ASSIGNED TASK: Copy out exactly, from the entries that follow, the line holding "Megamarijuanastore", the line holding "Bryden Faux-Leather Jacket", and all lines between them, but no pictures.

PROVIDED DATA:
▬▬▬▬▬▬

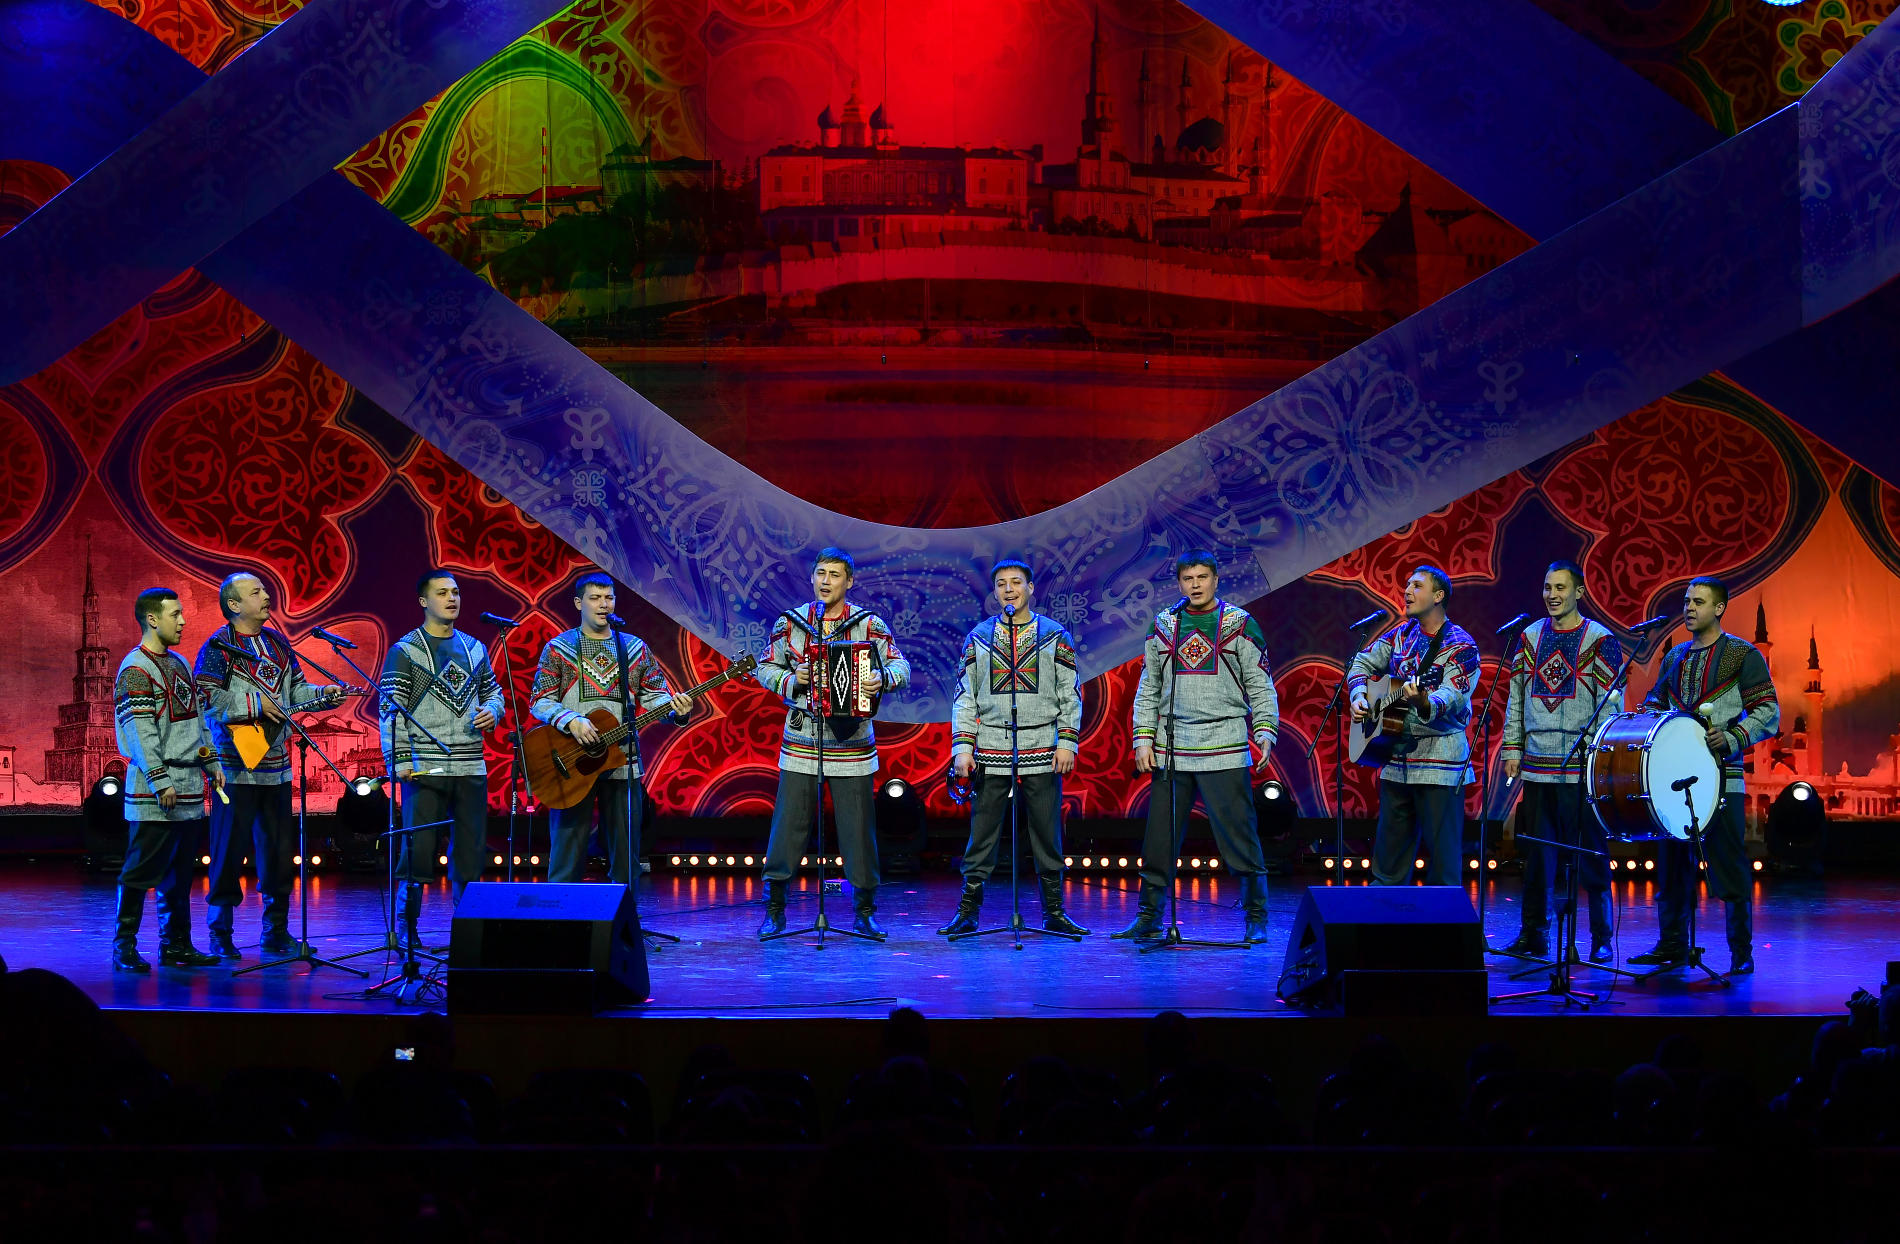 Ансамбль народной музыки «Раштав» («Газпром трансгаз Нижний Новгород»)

▬▬▬▬▬▬

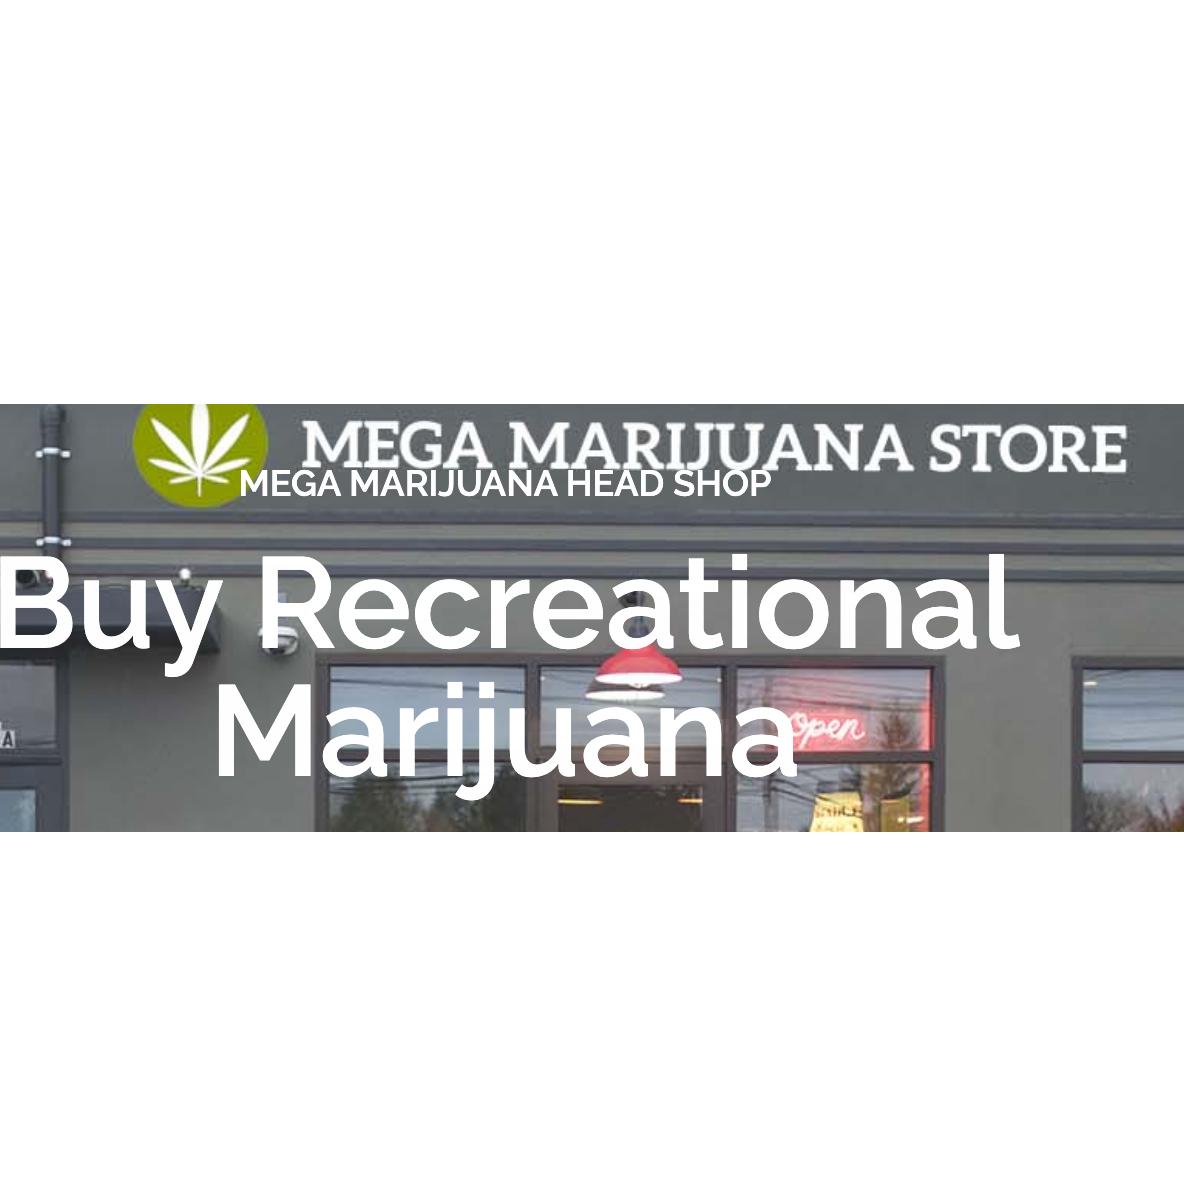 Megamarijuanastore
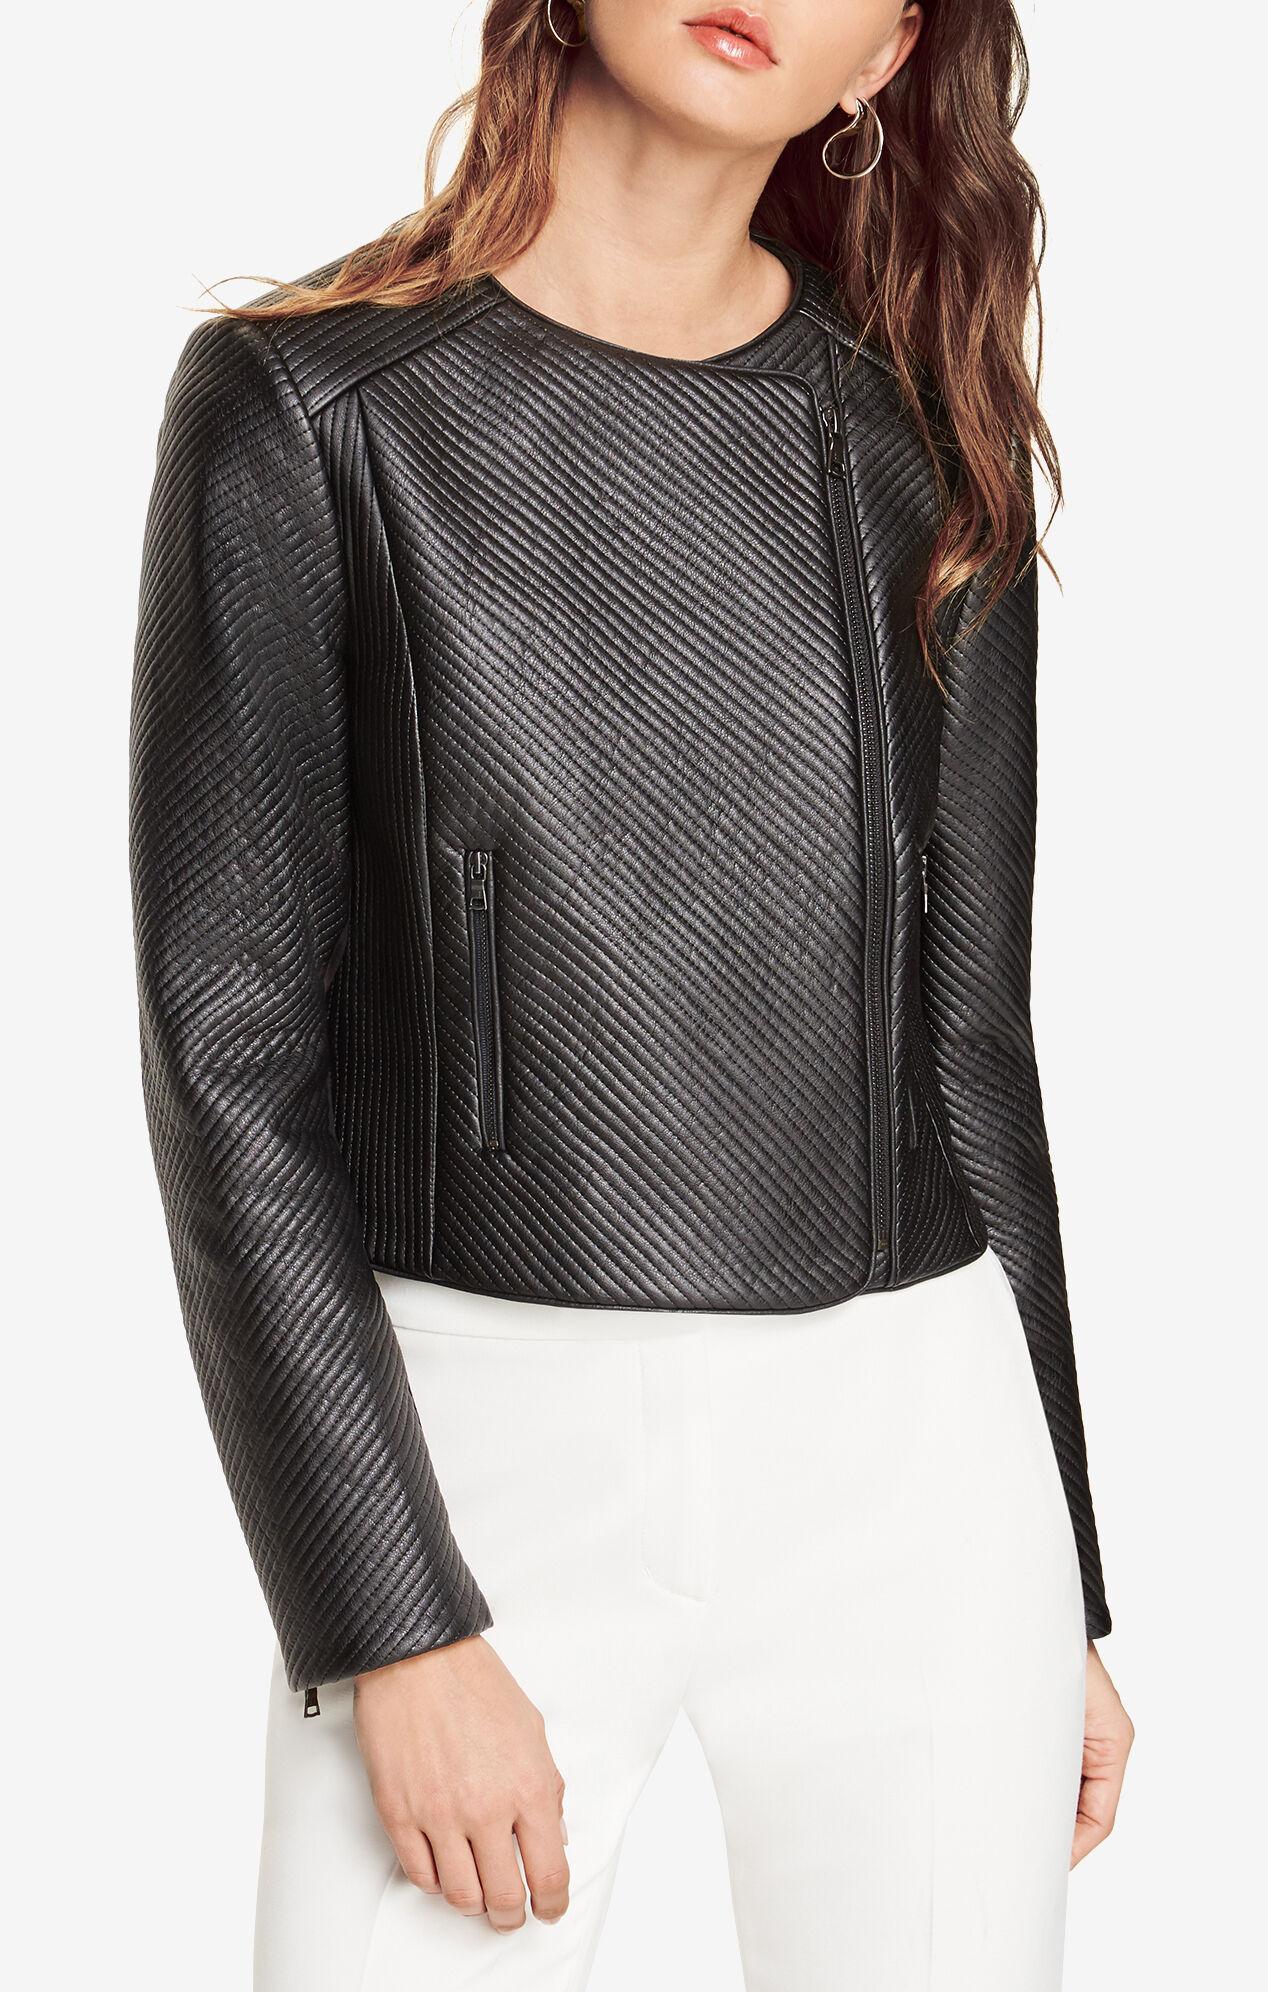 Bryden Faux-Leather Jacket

▬▬▬▬▬▬

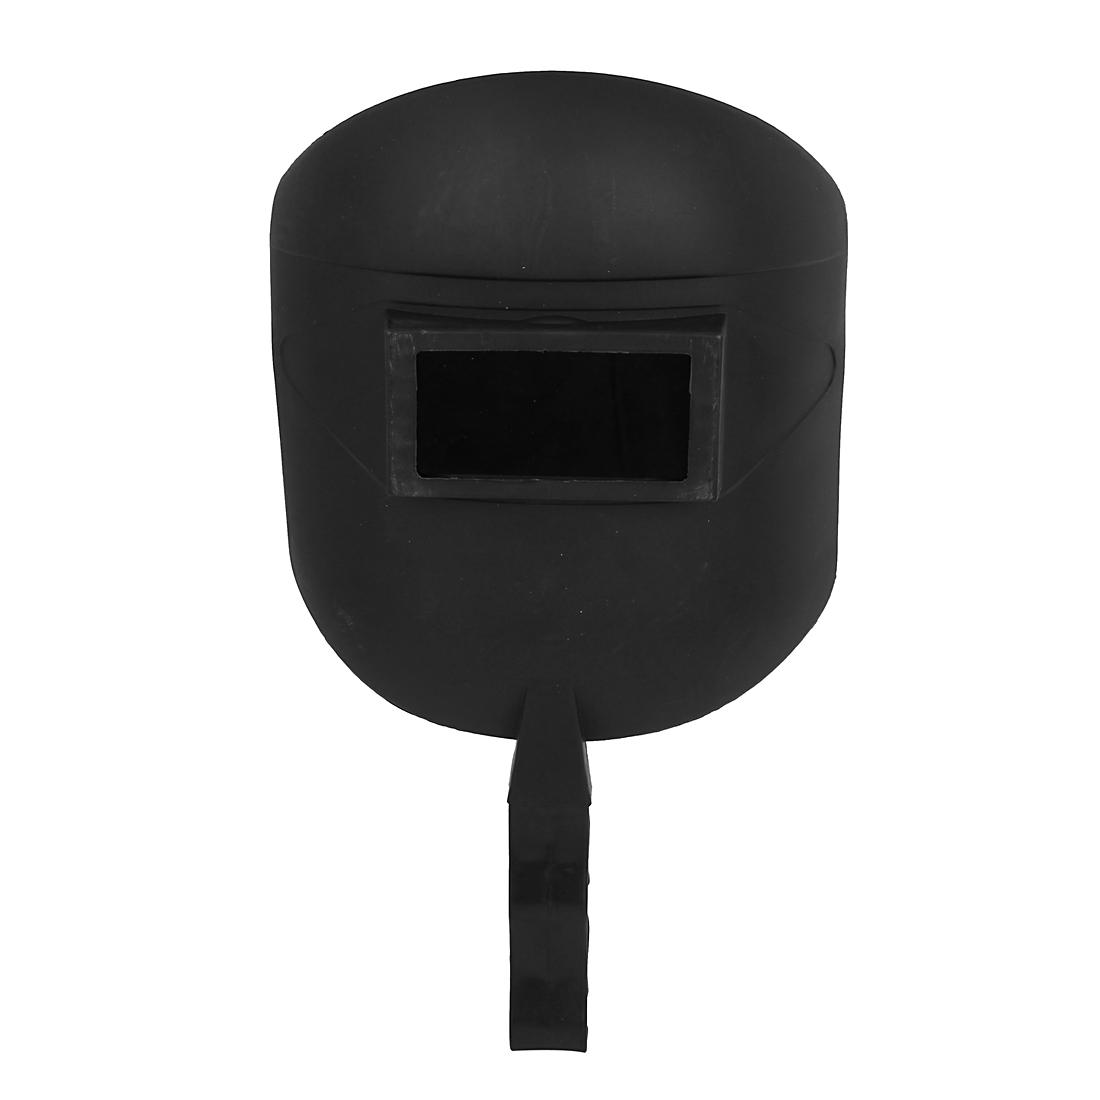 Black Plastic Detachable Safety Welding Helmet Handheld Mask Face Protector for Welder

▬▬▬▬▬▬

SOLUTION FOR THIS TASK:
 Megamarijuanastore
 Bryden Faux-Leather Jacket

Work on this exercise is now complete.